_Provided material_:
########################################

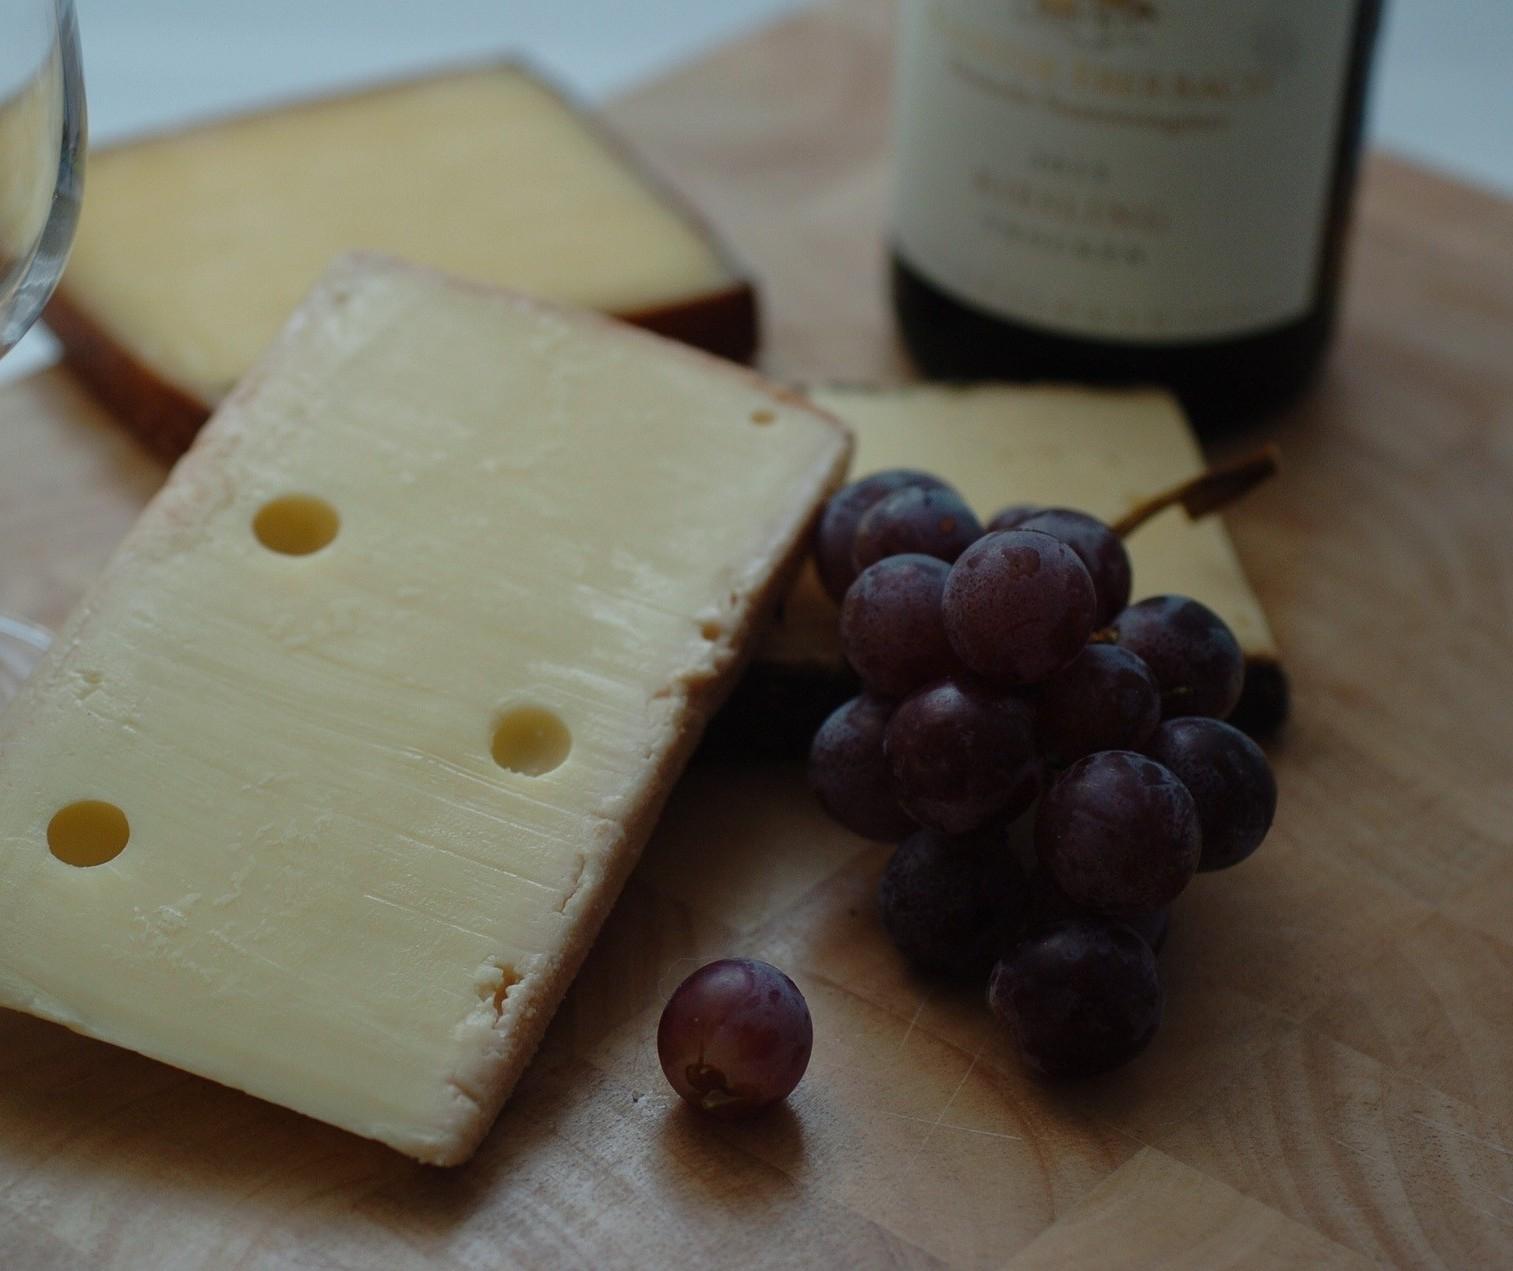 Vinho e queijo no Dia dos Pais tem que combinar textura e paladar
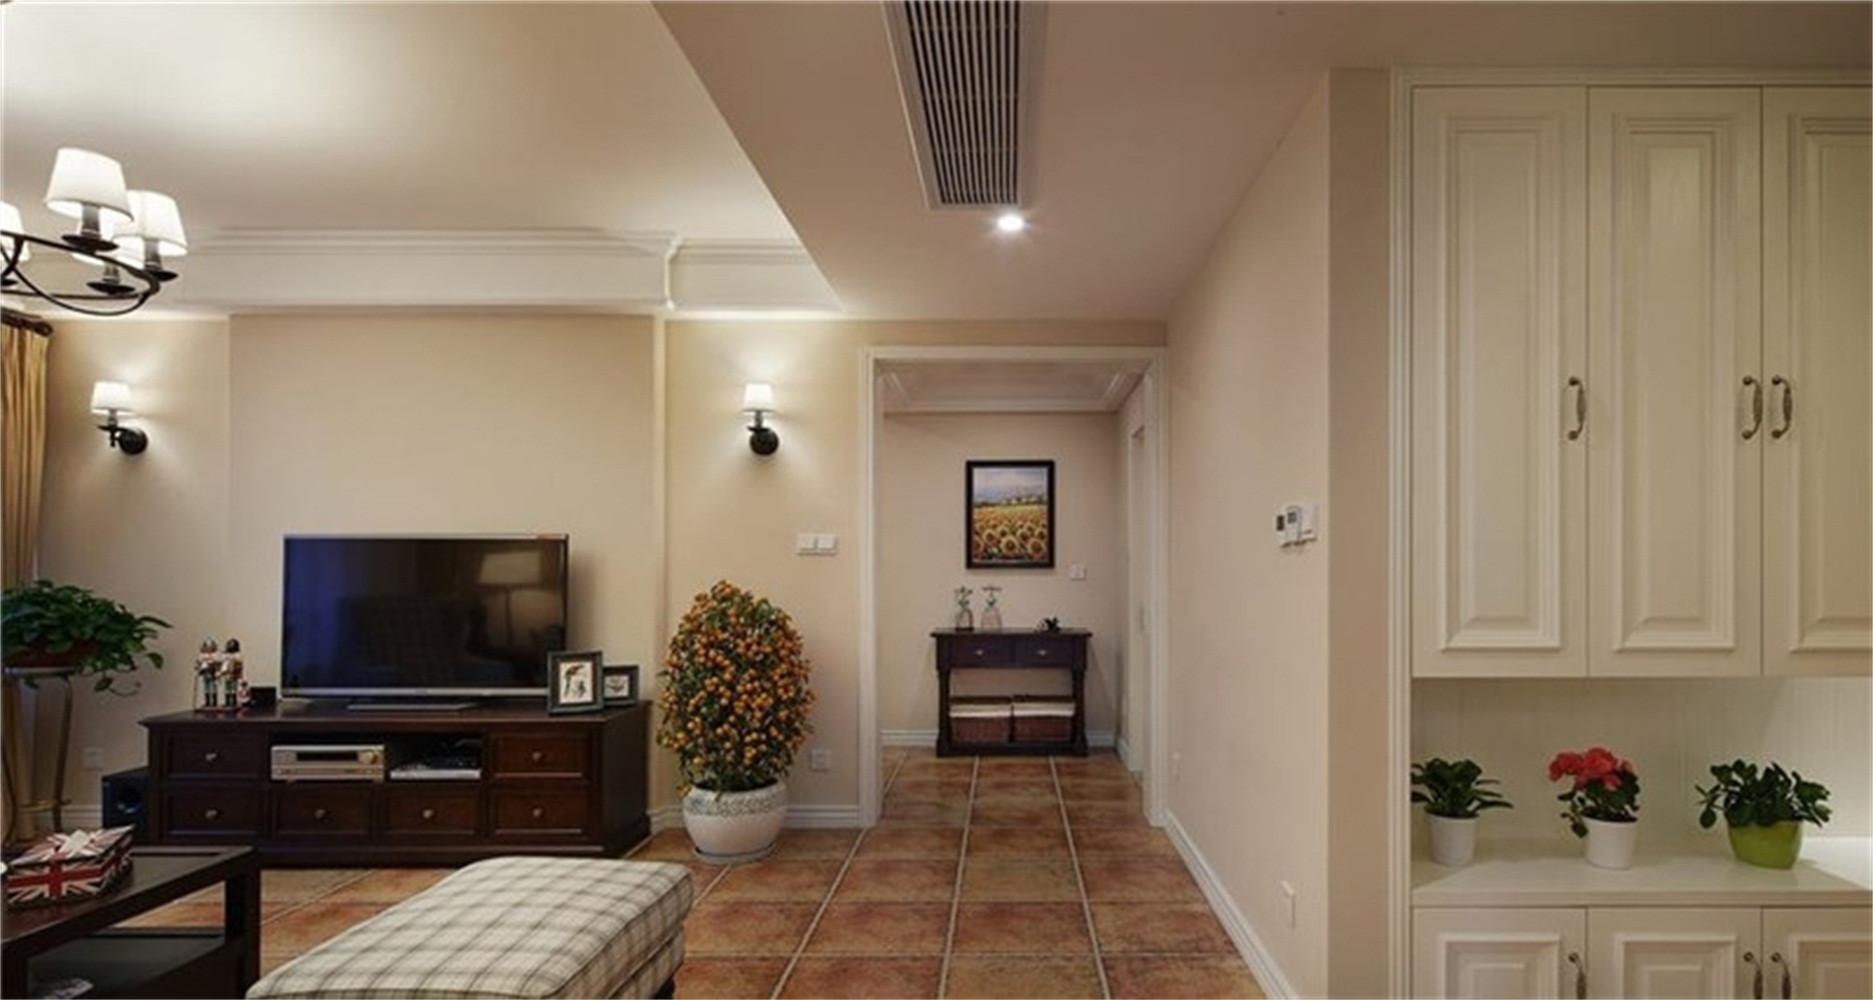 100㎡经典美式装修走廊图片
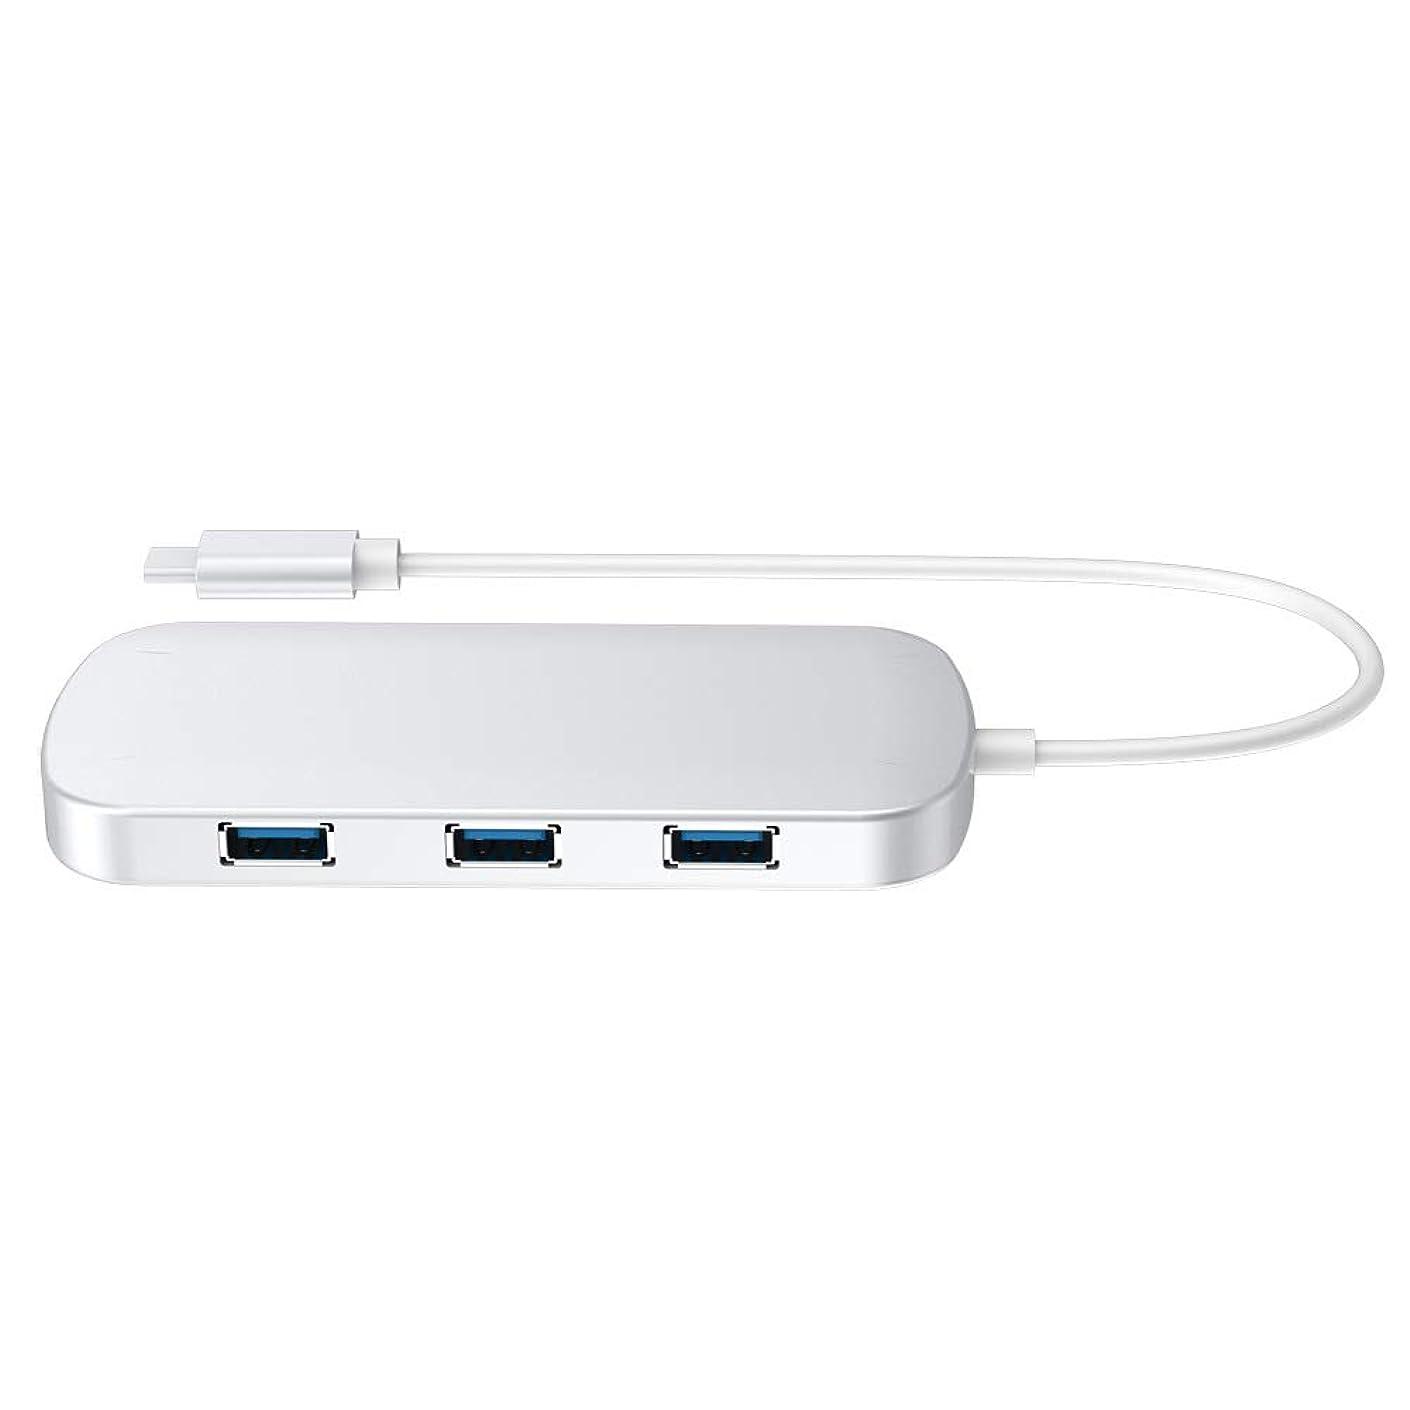 Semoic Type-C Docking Station Type-C Hub Converter Hdmi+ Card Reader + Hub+Pd Type-C Converter
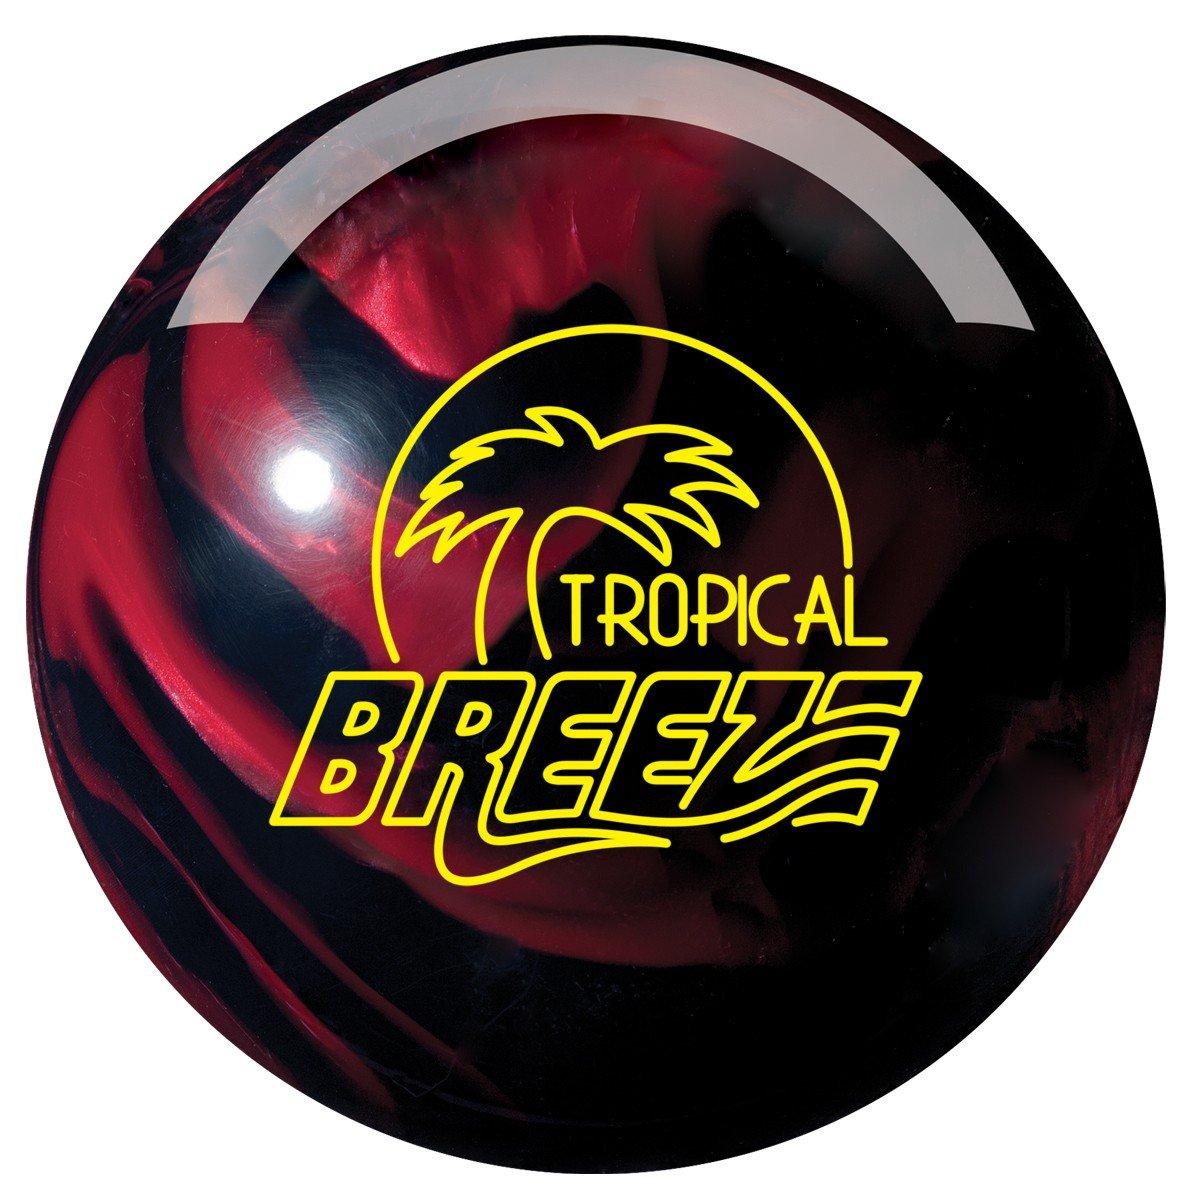 【今日の超目玉】 嵐Tropical B00AZHFYC2 Breezeボーリングボール 嵐Tropical、ブラック/チェリー、11-pound B00AZHFYC2, Web Shop ゆとり:e9764d17 --- eastcoastaudiovisual.com

########################################

_Task prompt_: Take the line containing "Semoic Type-C Docking" and all lines after it to the end of the data above, and reproduce them exactly, leaving out pictures. Nothing else belongs in the copy.

_Result_:
 Semoic Type-C Docking Station Type-C Hub Converter Hdmi+ Card Reader + Hub+Pd Type-C Converter
 【今日の超目玉】 嵐Tropical B00AZHFYC2 Breezeボーリングボール 嵐Tropical、ブラック/チェリー、11-pound B00AZHFYC2, Web Shop ゆとり:e9764d17 --- eastcoastaudiovisual.com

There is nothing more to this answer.